Sweet, fresh corn on the cob is a classic taste of summer. Slathered with butter, sprinkled with salt and pepper, freshly picked corn brings a smile to everyone’s face. Every week or so during the summer, I’ll stop by my favorite farm stand for some local corn that was picked that very day. When summer is over, fresh local corn disappears. Luckily, it’s easy to blanch and freeze corn to preserve the taste of summer for the cold months to come.
I learned how to freeze corn from my mom. Growing up in a small town with plenty of farms nearby, we spent summers canning, freezing and drying local produce. A lot of it was grown by my grandfather, who loved his vegetable garden and fruit trees.
Making freezer corn is a simple process. Start by shucking the corn, or removing the husk and corn silk. If you have kids, this is a good job for them. At least that’s what my mom seemed to think when I was growing up, because she had me and my siblings shuck a lot of corn!
While you are shucking the corn, put a large pot of water on to boil. I would suggest using your biggest pot for this. The one I used turned out to be a little too small.
Once the water is boiling, use tongs to carefully add the corn cobs. Start a timer for six minutes. Don’t wait for the water to come back to a boil before starting the timer. You only need to blanch the corn, not fully cook it.
Blanching is not 100 percent necessary – you can simply cut raw corn kernels off the cob, bag them, and put them in the freezer. You can even freeze the whole cob if you want. I prefer to blanch corn before freezing.
Blanching the corn preserves its flavor and texture, and it will kill any germs that are potentially on the corn kernels. With any kind of food preservation, it’s important to make sure your work surfaces, equipment, and hands are absolutely clean. Another advantage of blanching the corn is that it will keep its flavor longer in the freezer. Blanched corn will stay fresh in the freezer for about ten months, while raw corn will lose lose quality after six months.
While the corn is boiling, prepare a big bowl of ice water. After the corn has been in boiling water for six minutes, use tongs to dunk it in ice water. This stops the cooking process and preserves the corn’s texture.

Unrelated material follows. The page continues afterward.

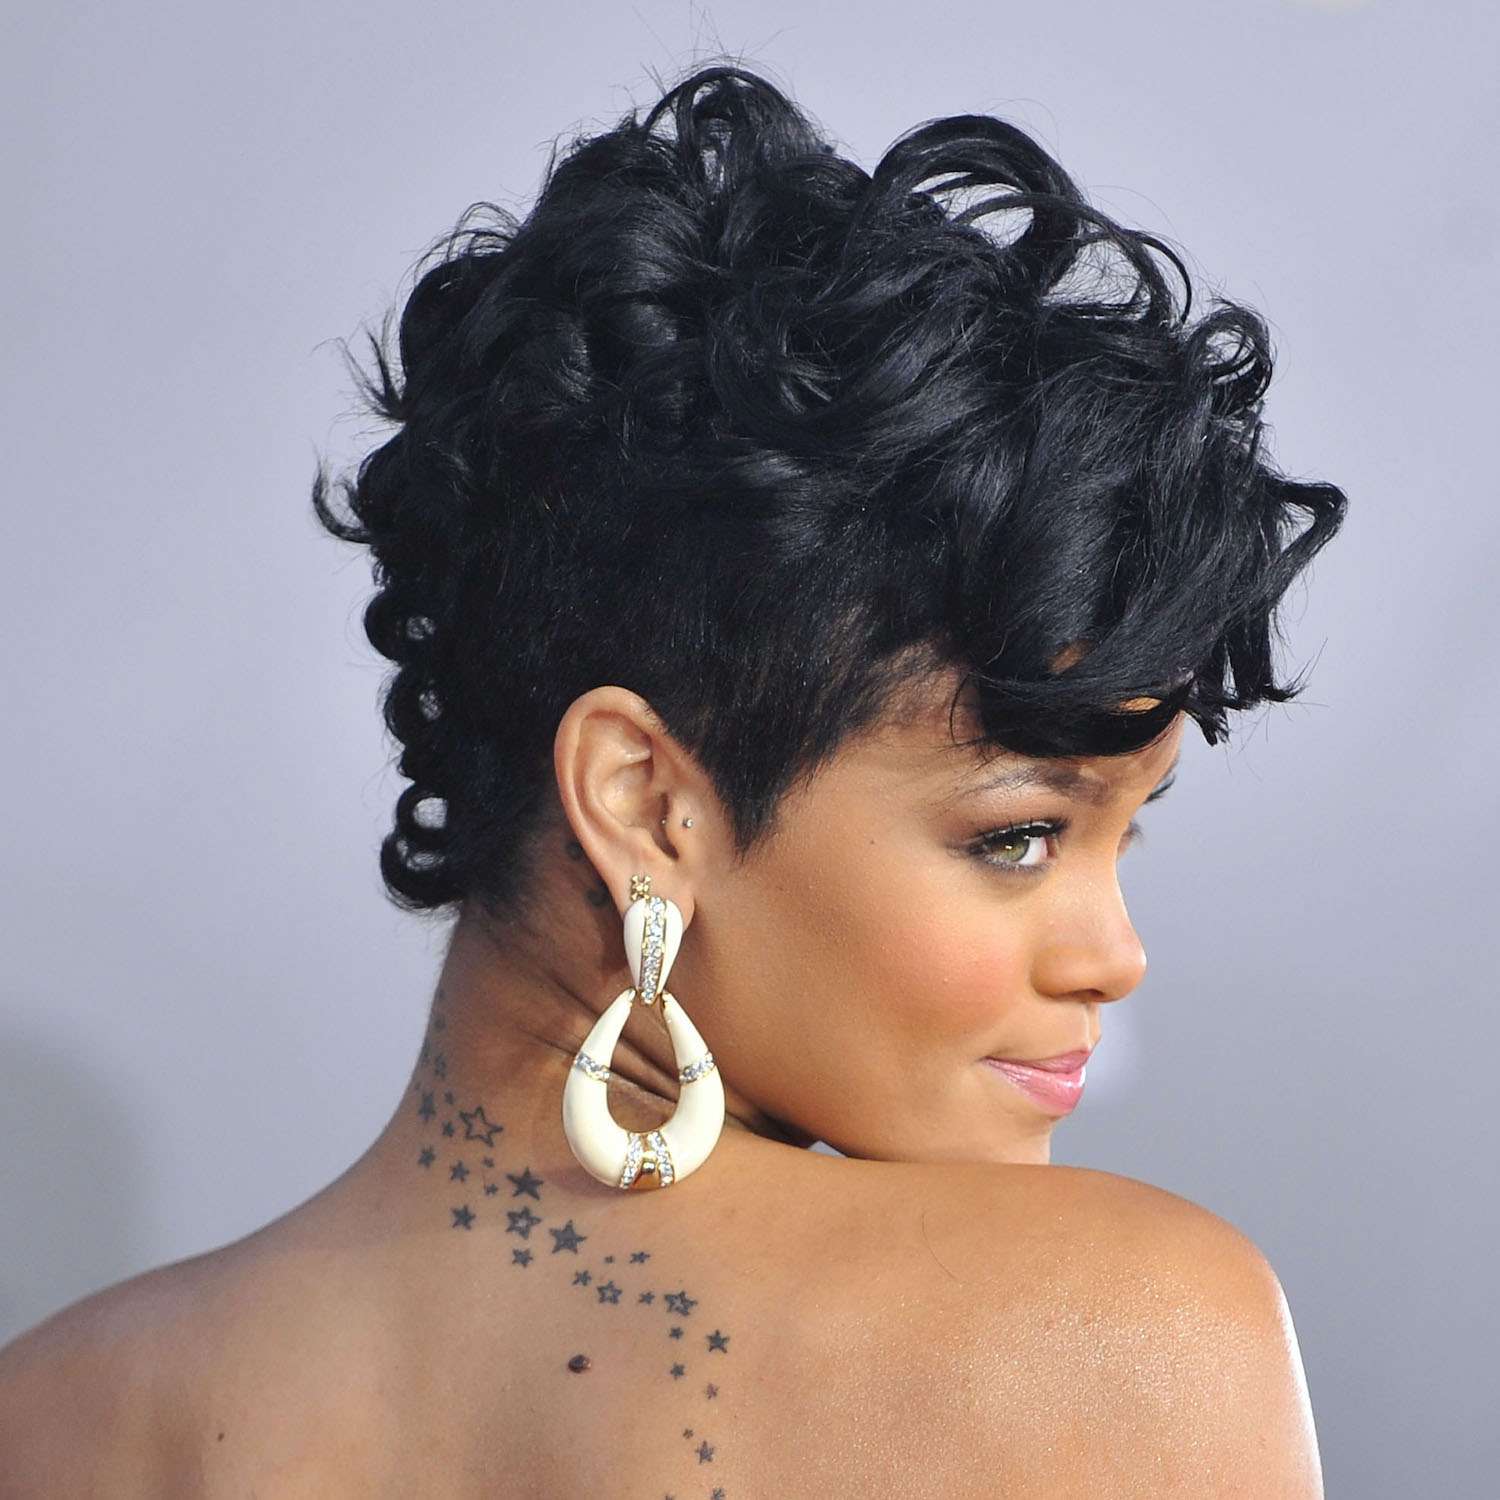 Rihanna com cabelo curto cacheado e tatuagem de estrela nas costas

After a few minutes, the corn will be cool enough to handle, and it’s time to cut the corn kernels from the cob. I use an electric carving knife for this. I don’t use my electric knife every day, but when I need to cut a large quantity of food, it comes in handy. I use it for jobs like cutting corn off the cob, slicing a whole loaf of bread, or carving a Thanksgiving turkey. If you don’t have an electric carving knife, you can use a regular serrated knife.
Cutting the juicy kernels from the cobs is the messy part of the process! Wear an apron. Don’t try to cut 100 percent of the corn from the cob, because you don’t want tough, inedible pieces of cob stuck to your corn kernels. Aim to cut off 2/3 of the corn kernel.

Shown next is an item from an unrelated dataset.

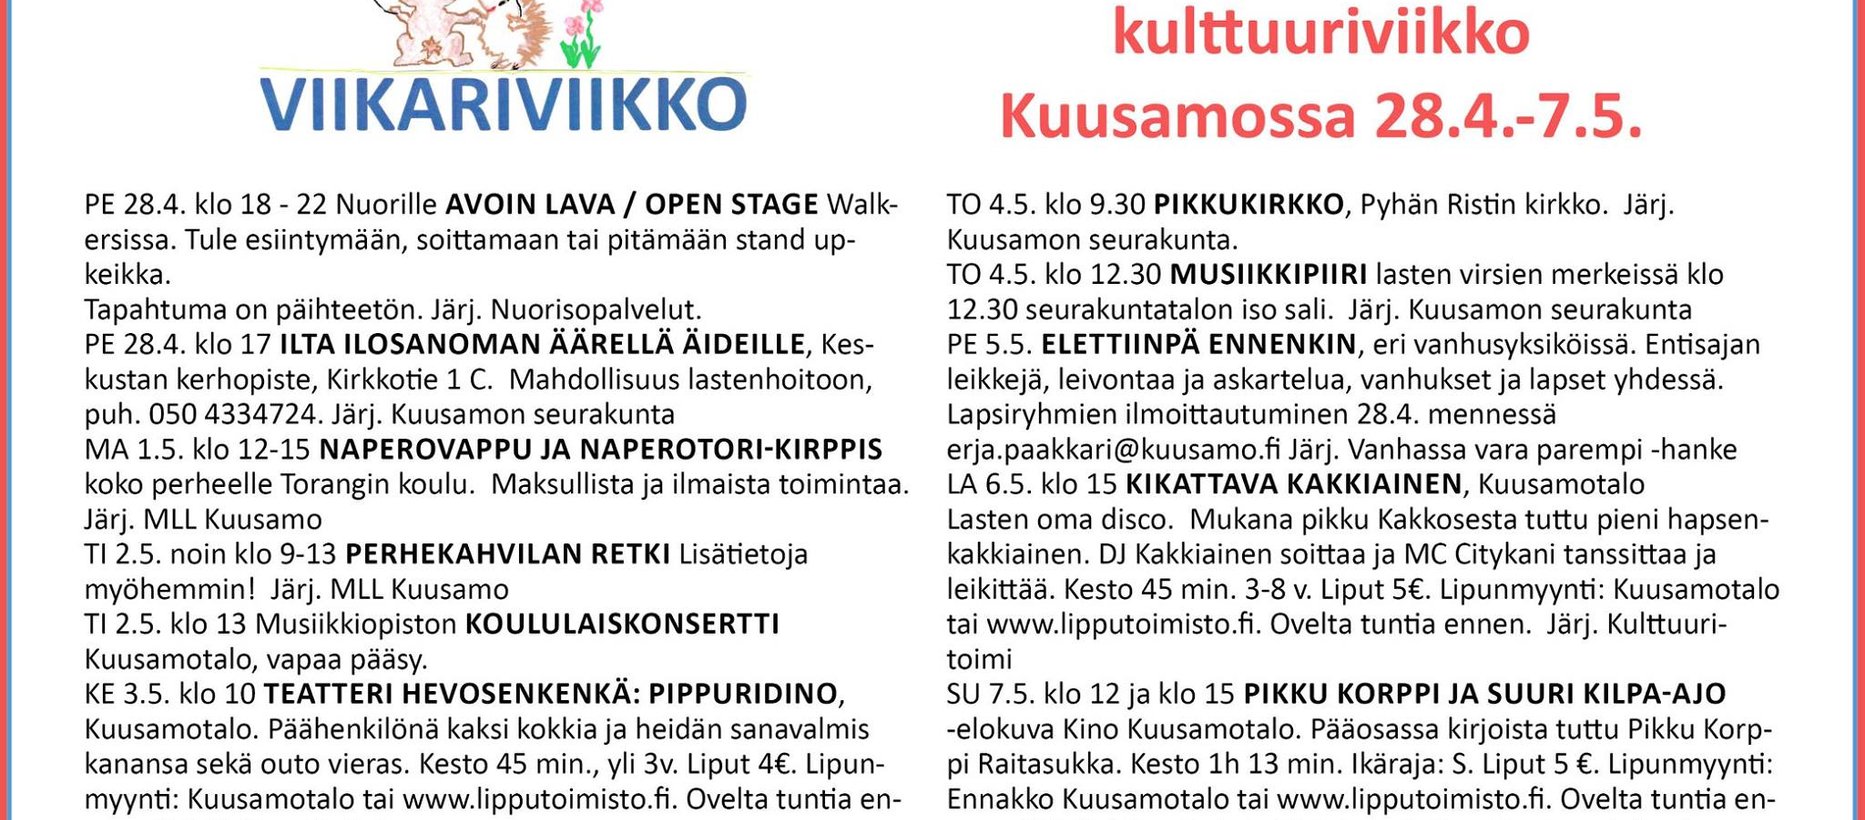 viikariviikko_ilmo_valmis.pdf

Once your corn is cut, you can store it in zipper-type freezer bags. Get freezer bags, because they are thicker and tougher than short-term storage bags. I use my food scale to measure out one-pound bags of corn. It takes four medium or large ears of corn to get one pound of kernels. This is equivalent to about three cups, which is the right amount for a family of four.
Press the air out of the bags, seal them tightly, and put them in the freezer.

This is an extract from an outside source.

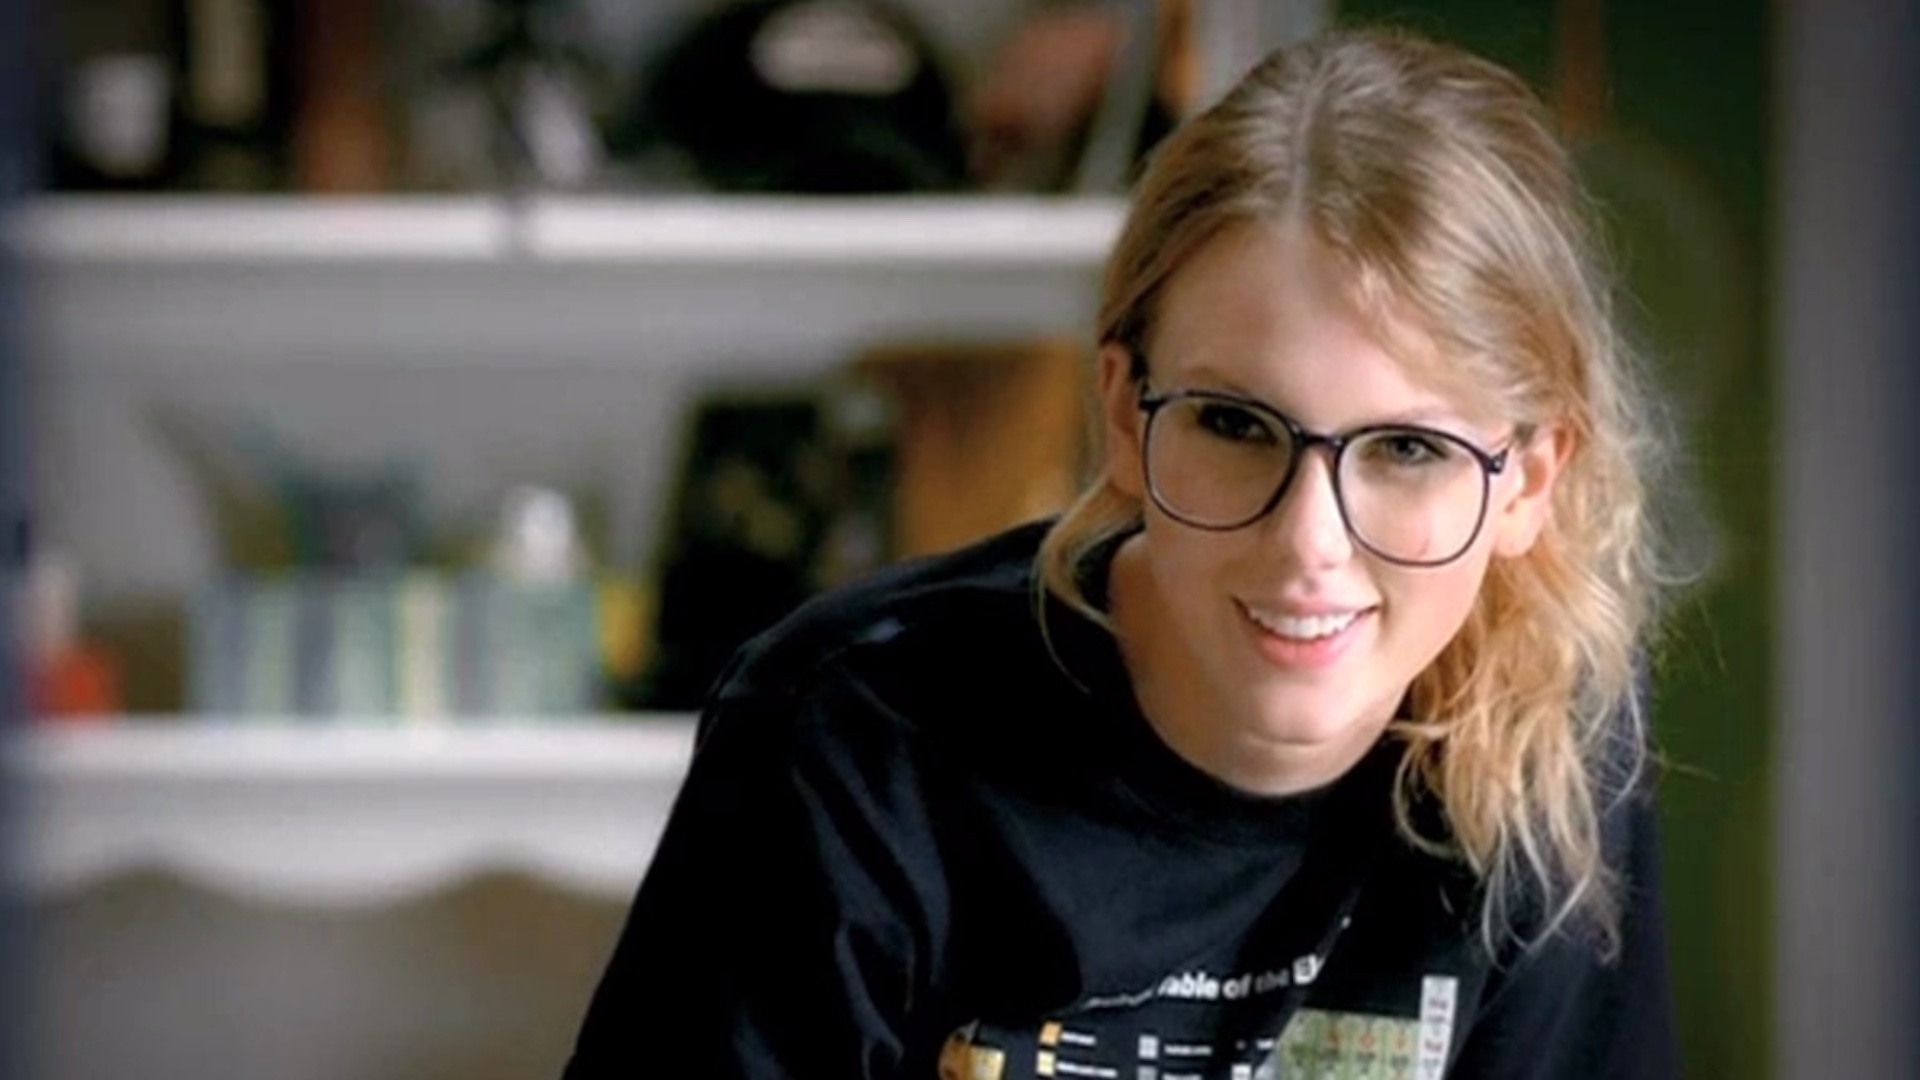 #MañanasX: La Universidad de Nueva York abre curso sobre Taylor Swift

My favorite way to prepare frozen corn is to let it thaw (in the refrigerator or microwave), then sauté lightly in a little bit of butter and olive oil. Sauté just until the corn is heated through. If you cook it too long, it will get tough.
I love having fresh summer corn stored in the freezer to eat when corn season is over. Frozen corn from the supermarket is fine, but fresh, locally grown produce is so much better!
Learn how to blanch and freeze corn, and preserve that fresh, sweet corn-on-the-cob taste. Freezer corn brings you the taste of summer all year long!
- Fresh corn on the cob
- Zipper-type freezer bags (1 quart size)
- Remove the husks and silk from the corn cobs. Cut off any brown or mushy spots.
- Bring a large pot of water to a boil.
- Use tongs to place the corn cobs in the boiling water. Set a timer for six minutes. You do not need to wait for the water to return to a boil before starting the timer.
- Meanwhile, prepare a large bowl of ice water.
- Once the corn has been in the boiling water for six minutes, use tongs to transfer it to the ice water.
- Leave the corn in ice water for about five minutes or until cooled.
- Cut the corn kernels from the cob by placing each ear of corn vertically on a cutting board or baking tray, then cutting from top to bottom with a serrated knife or electric carving knife. Aim to cut off 2/3 of the corn kernel so you don't have pieces of cob stuck to the corn kernels.
- Using a food scale or measuring cup, place one pound or 3 cups of corn in each freezer bag. Four medium/large ears of corn will yield one pound of kernels.
- Press the air from the bags, seal them tightly, and place in the freezer.
- Blanched frozen corn will stay fresh for up to ten months.